11— a term borrowed from network engineering.
12
13This doc categorizes different formats, and shows how you handle them in YSH.
14
15YSH is meant for writing correct shell programs.
16
17<div id="toc">
18</div>
19
20## A Length Prefix
21
22[Netstrings][netstring] are a simple format defined by Daniel J Bernstein.
23
24 3:foo, # ASCII length, colon, byte string, comma
25
26[netstring]: https://en.wikipedia.org/wiki/Netstring
27
28This format is easy to implement, and efficient to read and write.
29
30But the encoded output may contain binary data, which isn't readable by a human
31using a terminal (or GUI). This is significant!
32
33---
34
35TODO: Implement `read --netstr` and `write --netstr`
36
37<!--
38Like [J8 Notation][], this format is "8-bit clean", but:
39
40- A netstring encoder is easier to write than a QSN encoder. This may be
41 useful if you don't have a library handy.

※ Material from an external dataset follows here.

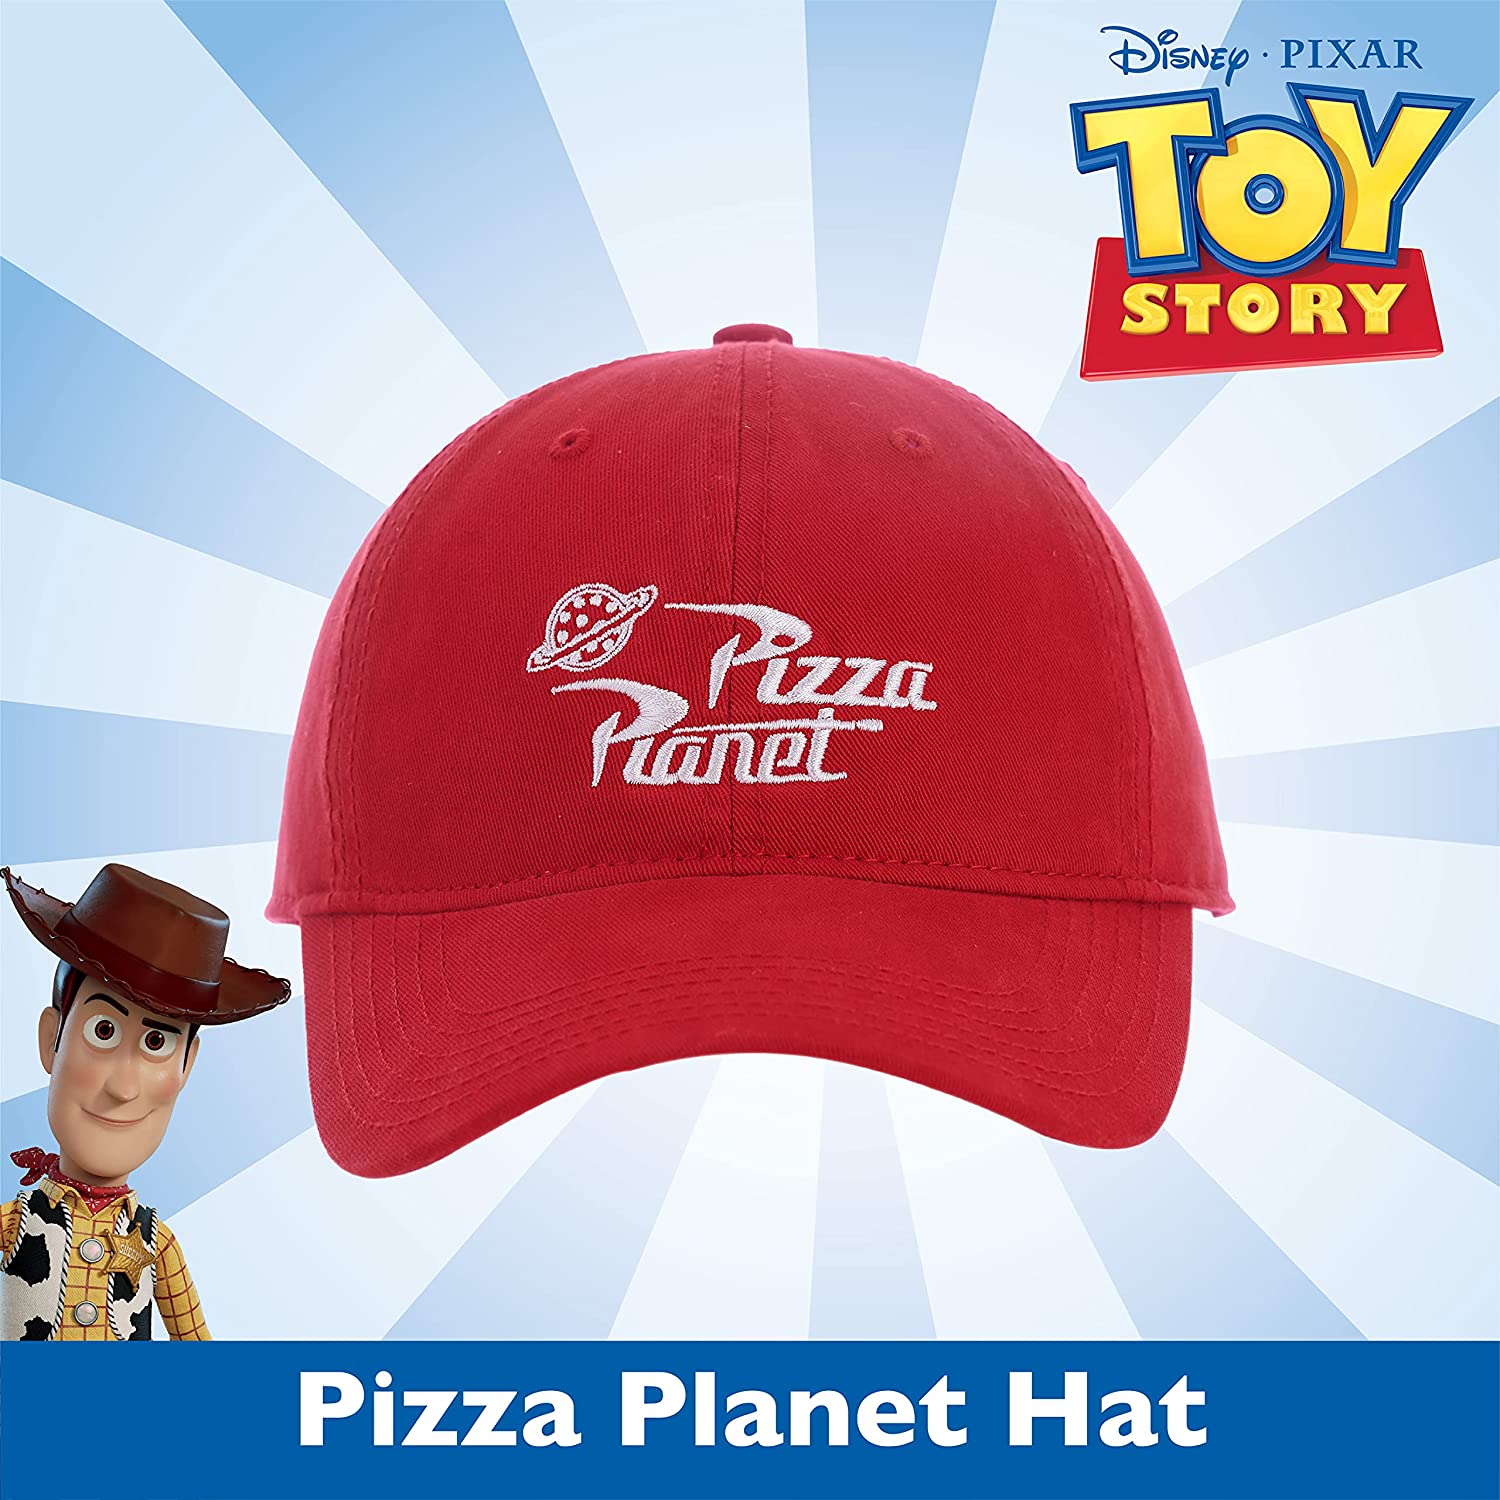 Concept One Disney Pixar Toy Story Pizza Planet Delivery Embroidered Logo Cotton Adjustable Baseball Cap with Curved Brim, Red, Medium
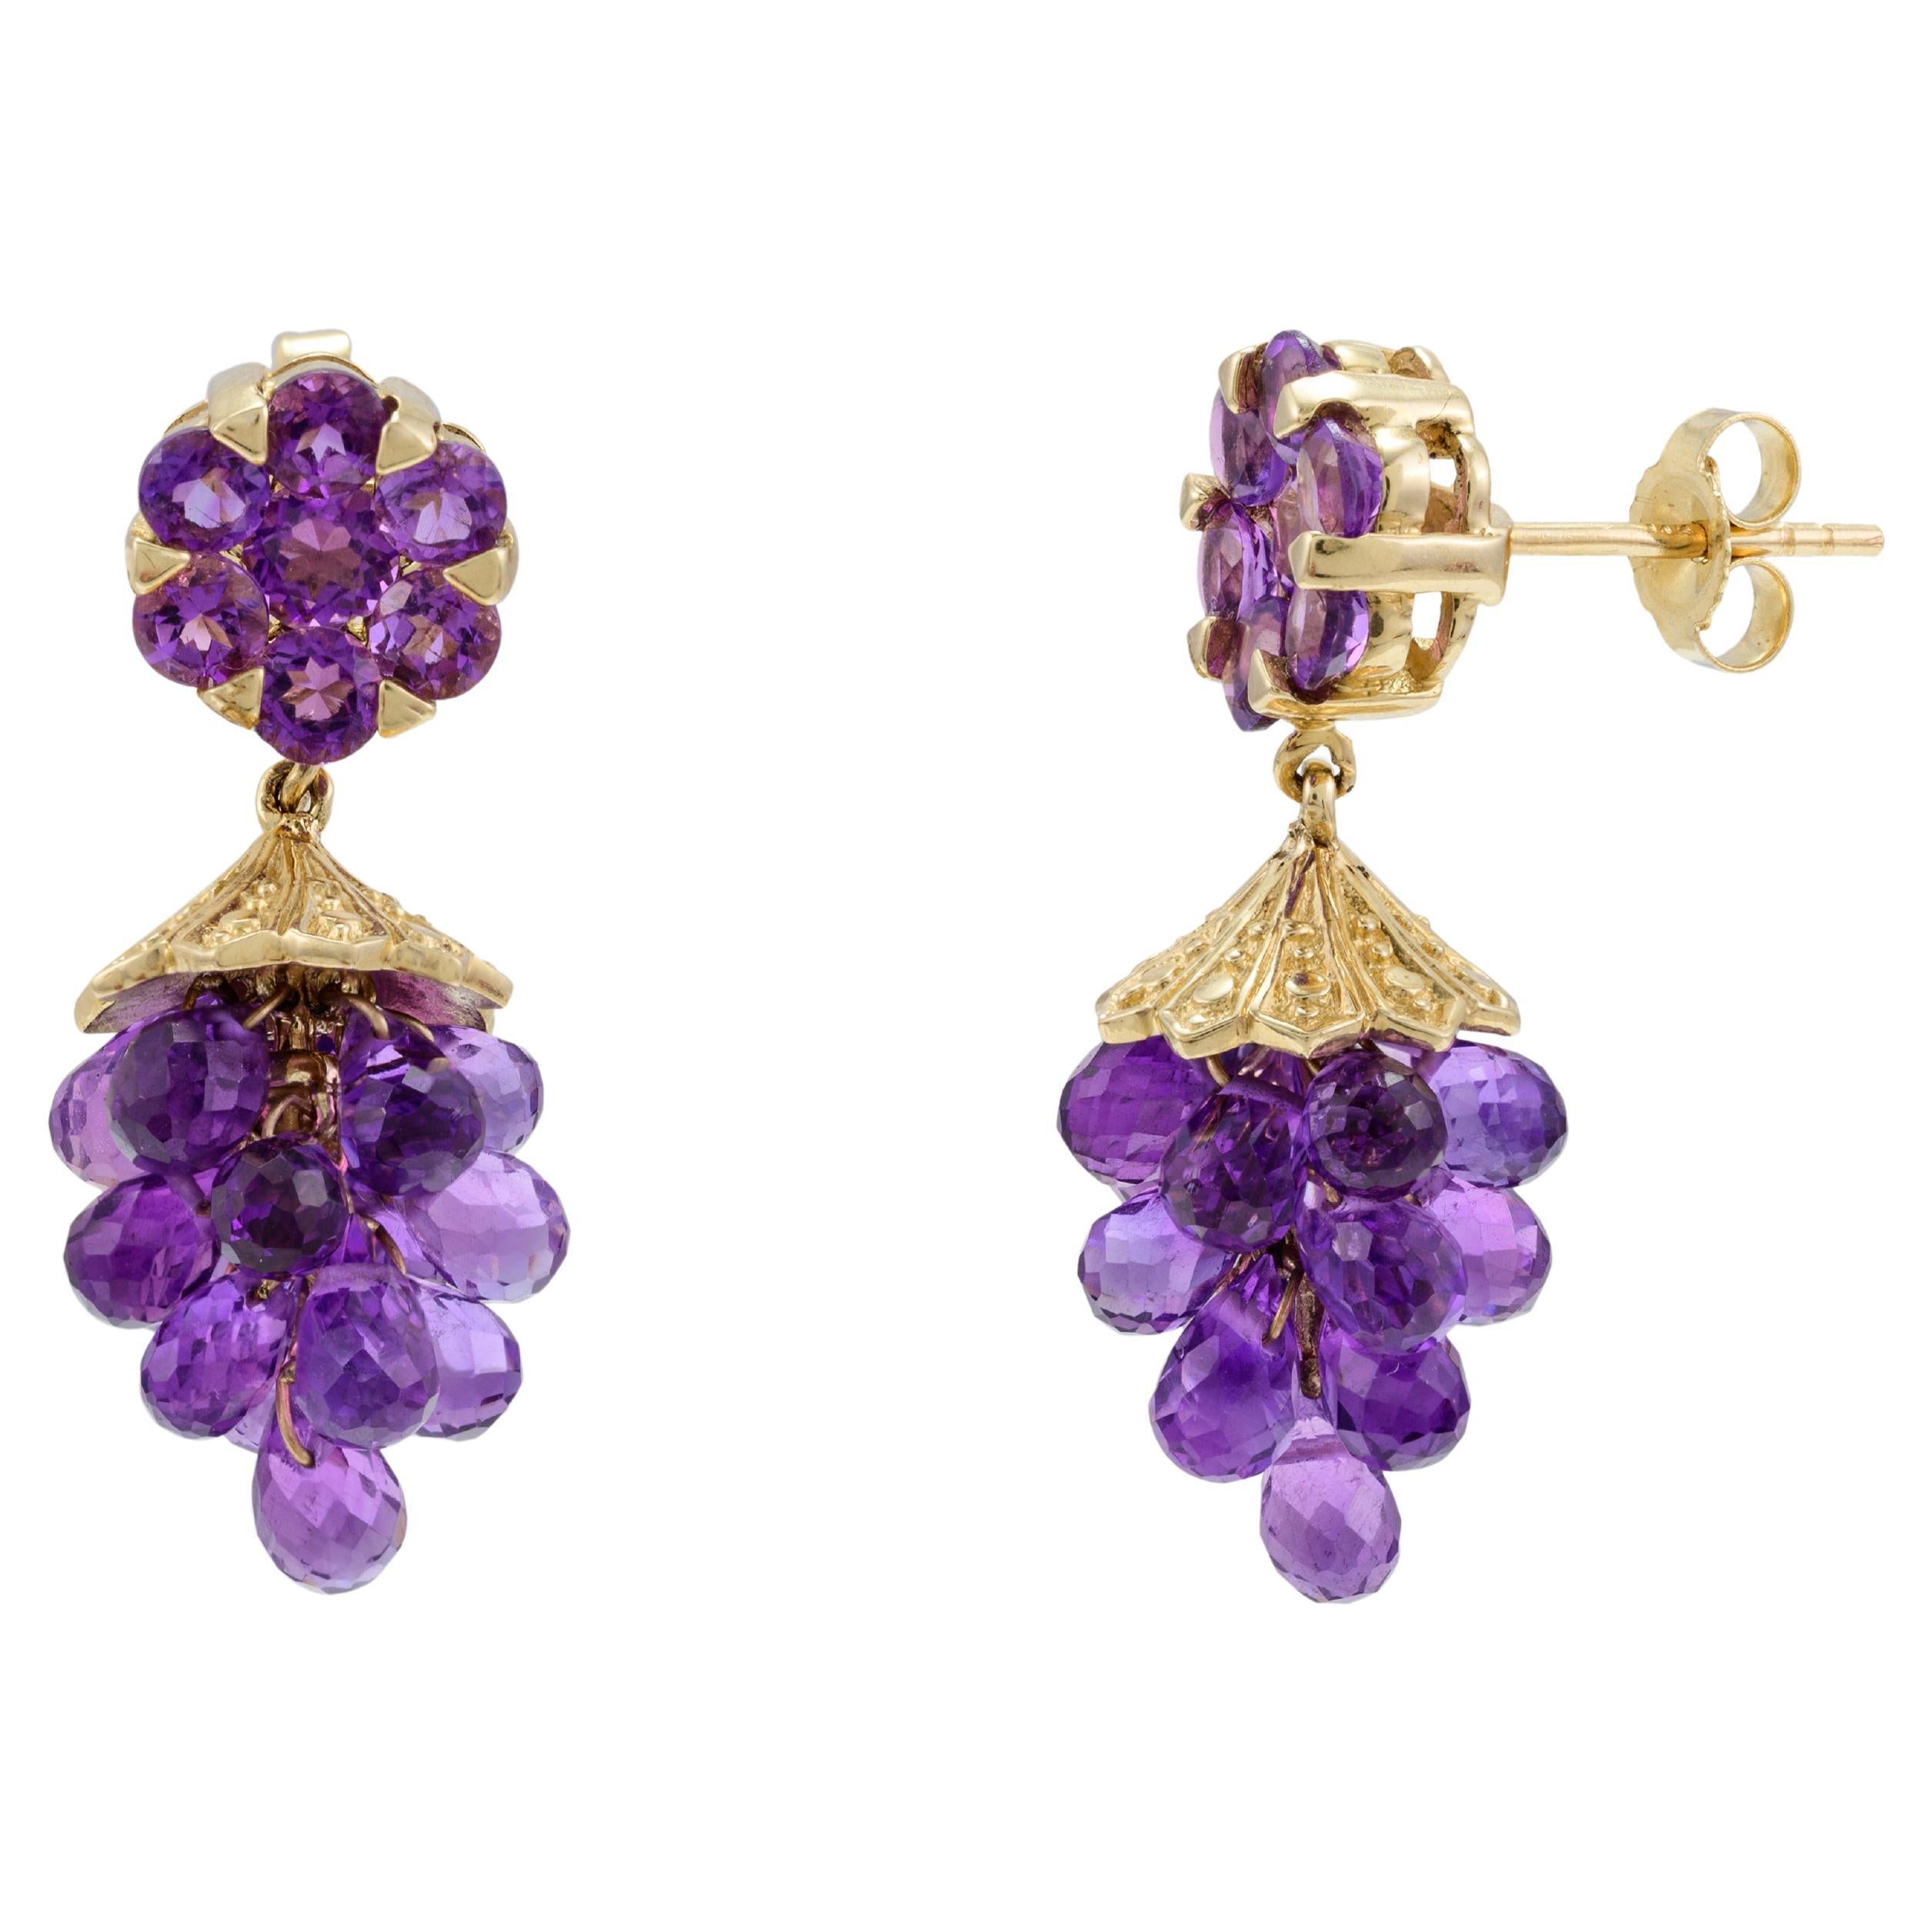 14.18 Carats Amethyst Gemstone Grapes Dangle Earrings 14k Solid Yellow Gold For Sale

42- It's more efficient to decode, in theory.
43-->
44
45## Solutions Using a Delimiter
46
47Now let's look at traditional Unix solutions, and their **problems**.
48
49### Fixed Delimiter: Newline or `NUL` byte
50
51In traditional Unix, newlines delimit "records". Here's how you read them in
52shell:
53
54 while IFS='' read -r; do # confusing idiom!
55 echo line=$REPLY
56 break # remaining bytes are still in the pipe
57 done
58
59YSH has a simpler idiom:
60
61 while read --raw-line { # unbuffered
62 echo line=$_reply
63 break # remaining bytes are still in the pipe
64 }
65
66Or you can read all lines:
67
68 for line in (io.stdin) { # buffered
69 echo line=$line
70 break # remaining bytes may be lost in a buffer
71 }
72
73**However**, in Unix, all of these strings may have newlines:
74
75- filenames
76- items in `argv`
77- values in `environ`
78
79---
80
81But these C-style strings can't contain the `NUL` byte, aka `\0`. So GNU tools
82have evolved support for another format:
83
84 find . -print0 # write data
85 xargs -0 # read data; also --null
86 grep -z # read data; also --null-data
87 sort -z # read data; also --zero-terminated
88 # (Why are all the names different?)
89
90In Oils, we added a `-0` flag to `read` to understands this:
91
92 $ find . -print0 | { read -0 x; echo $x; read -0 x; echo $x; }
93 foo # could contain newlines!
94 bar
95
96### Chosen Delimiter: Here docs and multipart MIME
97
98Shell has has here docs that look like this:
99
100 cat <<EOF
101 the string EOF
102 can't start a line
103 EOF
104
105So you **choose** the delimiter, with the "word" you write after `<<`.
106
107---
108
109Similarly, when your browser POSTs a form, it uses [MIME multipart message
110format](https://en.wikipedia.org/wiki/MIME#Multipart_messages):
111
112 MIME-Version: 1.0
113 Content-Type: multipart/mixed; boundary=frontier
114
115 This is a message with multiple parts in MIME format.
116 --frontier
117 Content-Type: text/plain
118
119 This is the body of the message.
120 --frontier
121
122So again, you **choose** a delimiter with `boundary=frontier`, and then you
123must recognize it later in the message.
124
125## C-Style `\` escaping allows arbitrary bytes
126
127[JSON][] can express strings with newlines:
128
129 "line 1 \n line 2"
130
131It can also express the zero code point, which isn't the same as NUL byte:
132
133 "zero code point \u0000"
134
135[J8 Notation][] is an extension of JSON that fixes this:
136
137 "NUL byte \y00"
138
139(We use `\y00` rather than `\x00`, because Python and JavaScript both confuse
140`\x00` with `U+0000`. The zero code point may be encoded as 2 or 4 `NUL`
141bytes.)
142
143[J8 Strings]: j8-notation.html
144[JSON]: $xref
145
146### Escaping-Based Records
147
148TSV files are based on delimiters, but they aren't very readable in a terminal.
149
150TODO
151
152So TSV8 offers and "aligned" format:
153
154 #.ssv8 flag desc type
155 type Str Str Str
156 --verbose "do it \t verbosely" bool
157 --count "count only" int
158
159So this format combines two strategies:
160
161- Delimiter-based for the **rows** / lines
162- Escaping-based for the **cells**
163
164## Conclusion
165
166Traditional shells mostly support newline-based records. YSH supports:
167
1681. Length-prefixed records
1691. Delimiter-based records
170 - fixed delimiter: newline or `NUL`
171 - chosen delimiter: TODO? with regex capture?
1721. Escaping-based records with [JSON][] and the [J8 Notation][] extension.
173 - But we avoid formats that are purely based on escaping.